Large language models (LLMs) are part of a new generation of versatile transformer-based6 AI models that are trained on massive datasets and demonstrate previously unseen abilities to generalize to a range of tasks, despite requiring very little task-specific data7,8. The multimodal combination of vision models and LLMs presents a range of exciting possibilities including zero-shot image-to-text generation that can follow natural language instructions 9–11. In medical imaging, these advances offer the potential to address limitations of vision-only models by enabling model training using ubiquitous medical images that have paired free text reports, adding capabilities to carry out a diverse range of tasks, accurately coping with the long-tail of diagnoses, enabling true multimodal inference, and presenting new options for expressive human-computer interaction 7.

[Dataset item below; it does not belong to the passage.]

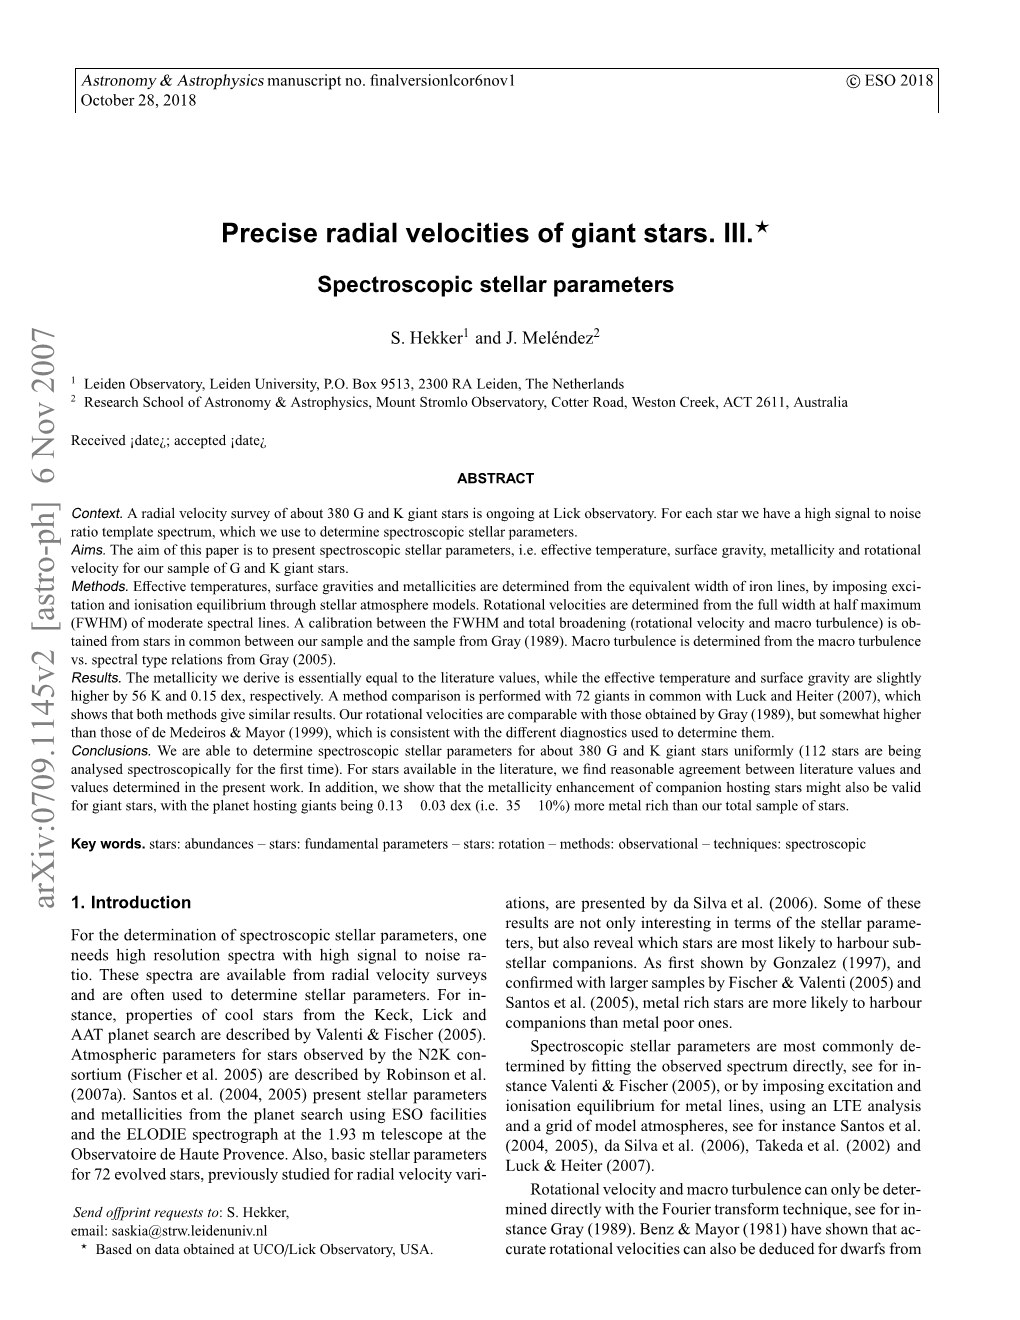 Precise Radial Velocities of Giant Stars. III. Spectroscopic Stellar Parameters

大语言模型 (LLMs) 是基于Transformer的新一代多功能AI模型,它们通过海量数据集训练,展现出前所未有的泛化能力,仅需极少任务特定数据即可适应多种任务[7,8]。视觉模型与大语言模型的多模态结合带来了令人兴奋的可能性,例如遵循自然语言指令的零样本图像到文本生成[9–11]。在医学影像领域,这些进展有望突破纯视觉模型的局限:通过利用普遍存在的带配对自由文本报告的医学影像进行模型训练,增强执行多样化任务的能力,精准处理长尾诊断病例,实现真正的多模态推理,并为富表现力的人机交互提供新选择[7]。
In this paper, we present a lightweight vision-language adapter model called ELIXR (Embeddings for Language/Image-aligned X-Rays), which builds upon prior work9–11 to combine or “graft” a vision encoder with a frozen LLM to perform a wide range of vision-language tasks broadly relevant to medical imaging. Our case study in this work focuses on chest X-rays (CXRs) due to the wide availability of image-text paired data, but the methods are applicable to other image modalities. We describe the following key advantages of ELIXR:
在本文中,我们提出了一种轻量级的视觉语言适配器模型ELIXR(Embeddings for Language/Image-aligned X-Rays),该模型基于先前的工作[9-11],将视觉编码器与冻结的大语言模型结合或"嫁接",以执行与医学影像广泛相关的各种视觉语言任务。本工作的案例研究聚焦于胸部X光片(CXRs),因为这类图像-文本配对数据广泛可用,但该方法也适用于其他图像模态。我们阐述了ELIXR的以下关键优势:
frozen LLM and a data-efficient frozen vision encoder. Building models on top of ELIXR can be done rapidly to prototype new use cases, adapt to distribution shifts with a small amount of new training data, or use alternative publicly available LLMs.
冻结的大语言模型和数据高效的冻结视觉编码器。基于ELIXR快速构建模型可用于新用例原型开发、用少量新训练数据适应分布变化,或使用其他公开可用的大语言模型。
- ELIXR’s synthesis of imaging and text unlocks a new generation of medical AI applications. In this study we demonstrate semantic search, visual question answering (VQA), and radiology report quality assurance (QA), but there are countless potential applications across the medical domain that can be addressed using the proposed multimodal framework.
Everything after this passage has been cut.